9.2. If, in any instance that deals with the organisational and practical implementation of this Constitution, and the Constitution is silent or inadequate, the Board shall take a decision in that regard, subject thereto that the members shall be informed of the decision at the ensuing Annual General Meeting.
MEETINGS
BOARD MEETINGS
The Board shall meet at such time and place as it may from time to time determine, or as may be decided by the Chairman, provided that not less than 2 (two) physical Board meetings shall be held
in each financial year.
The Secretary shall give written notice of the time, date and place to each member of the Board not less than 21 (twenty-one) days prior to the holding of a physical Board meeting.
Special or Urgent Board meetings:
a) may be called by the Chairman (or in his absence by the Vice-Chairman) at such time and place as deemed feasible; or
b) may be called upon a request, signed and addressed to the Secretary, by two-thirds of the members of the Board, stating the reasons for such meeting.
c) may be held via conference call or other electronic real-time communication medium.
d) shall proceed if a quorum of Board members shall be in attendance.
The Chairman or the Secretary shall give at least 8 (eight) hours’ notice – verbally or in writing – of an Urgent Board meeting, and at least 7 (seven) days’ notice of a Special Board meeting.
No resolution of the Board in respect of any matter shall be varied or rescinded unless the resolution varying or rescinding the same be passed at a meeting of which written notice – specifying the intention to vary or rescind a specific resolution – has been given to all Board members, provided that a resolution shall be varied or rescinded only if two-thirds of the members of the Board so agree.
Voting at physical Board and Executive Committee meetings shall be by ballot paper, or by show of hands, if so agreed by all present. Voting at electronic real-time meetings shall be recorded in the name of each member present, stating whether they voted ‘yes,’ ‘no’ or ‘abstain’. Members may also agree to vote on important and urgent matters via e-mail outside of meetings.
A two-third majority vote is required for any Board or Executive Committee resolution to be passed.
Members of the Board absenting themselves from two consecutive Board, Executive or meetings of other committees without leave, or an acceptable reason, shall automatically vacate their seats.
EXECUTIVE COMMITTEE MEETINGS
The Executive Committee shall hold meetings (physically or by electronic real-time communication medium) at such time and place as may be required from time to time by the Chairman, (or in his absence by the Vice Chairman),or as requested by the other members of the Executive Committee.
All actions and decisions of the Executive Committee shall be approved and confirmed at the ensuing Board Meeting.
COMMITTEE CHAIRMEN
The Chairman or in his absence, the Vice-Chairman, shall preside at all meetings and if absent, the members present shall elect another member to preside at such meeting. Any person so elected shall in relation to that meeting, have all the powers and fulfil all the duties of the Chairman.

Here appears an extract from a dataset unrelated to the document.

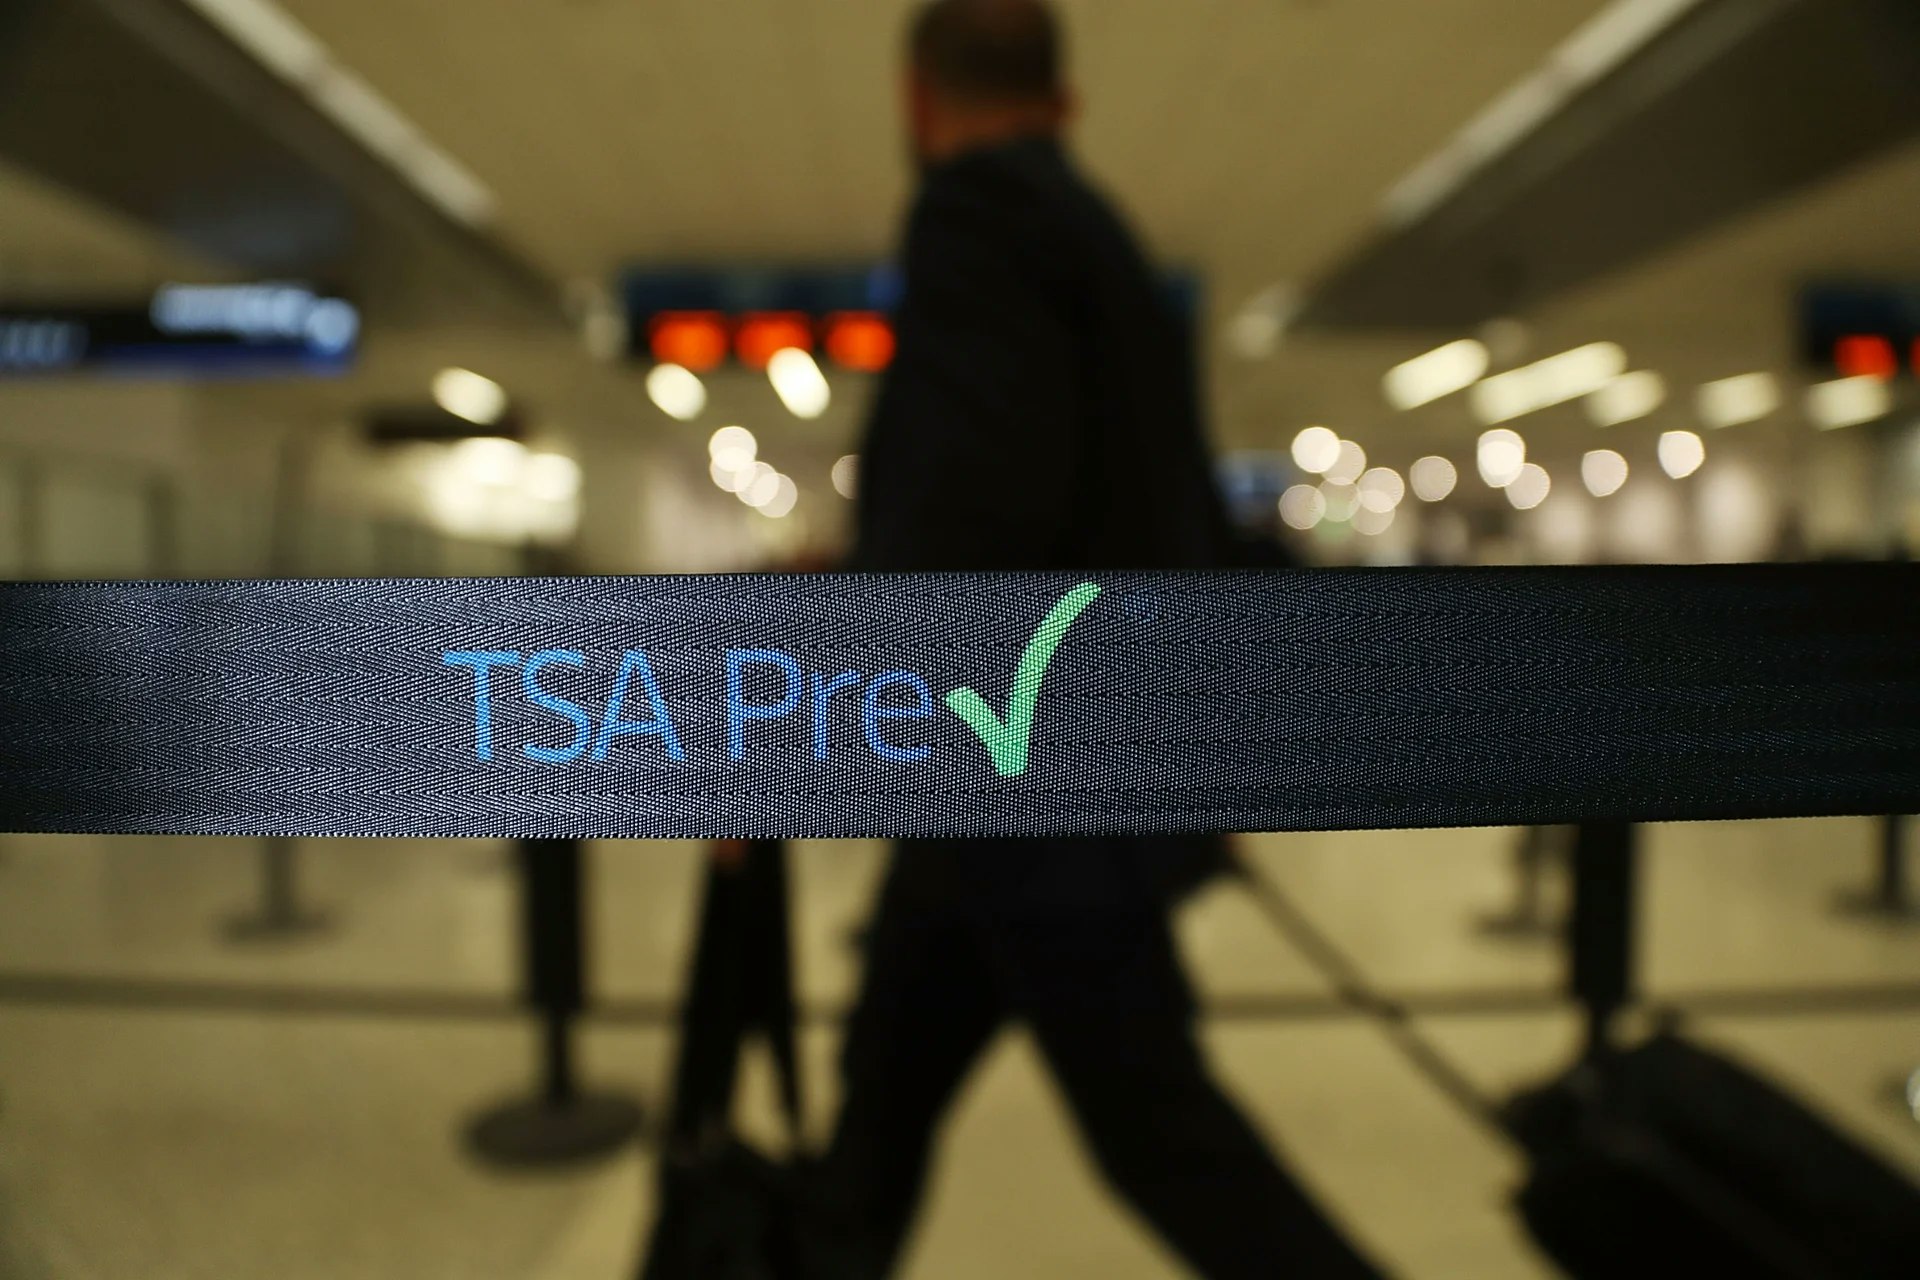 PreCheck offers expedited security clearance at airports in the US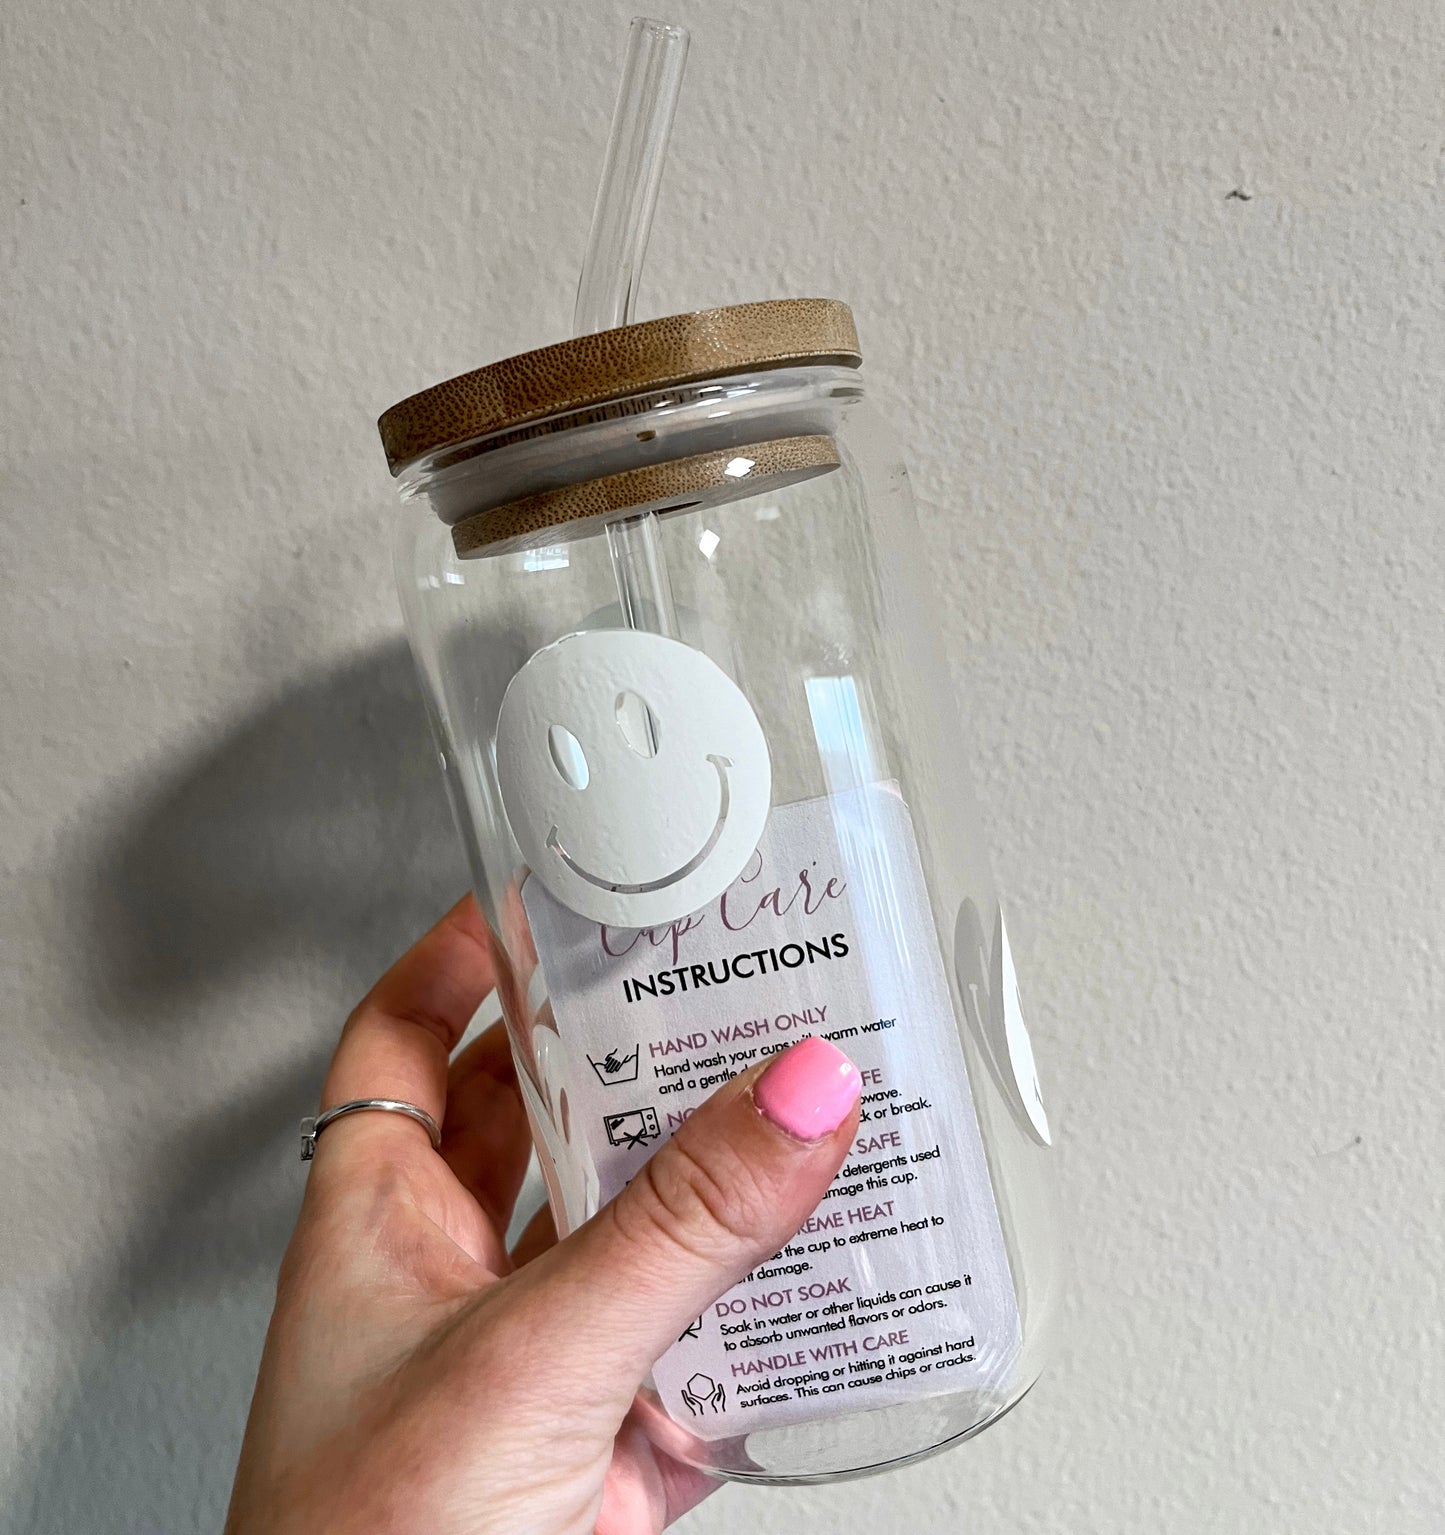 16oz Smiley Face Glass Cup

MEMBER ATTENDANCE OF COMMITTEE MEETINGS
A member may request the Chairman of any committee for permission to personally present any matter to that committee on condition that the nature of the matter shall be fully explained in writing, and if the Chairman decides that it is of sufficient importance or urgency, he may grant permission that such a person may attend a meeting and address the committee.
The Chairman may, in his discretion, refuse permission for attendance, and if he deems it necessary put the matter on the agenda for discussion at a meeting of the relevant committee.
GENERAL MEETINGS (ANNUAL GENERAL AND SPECIAL GENERAL)
An Annual General Meeting of the Society shall be held once a year at such time and place as may be determined by the Board, but not later than 12 (twelve) months after the end of the financial year. The Board may, with valid motivation and notice to all members defer such meeting.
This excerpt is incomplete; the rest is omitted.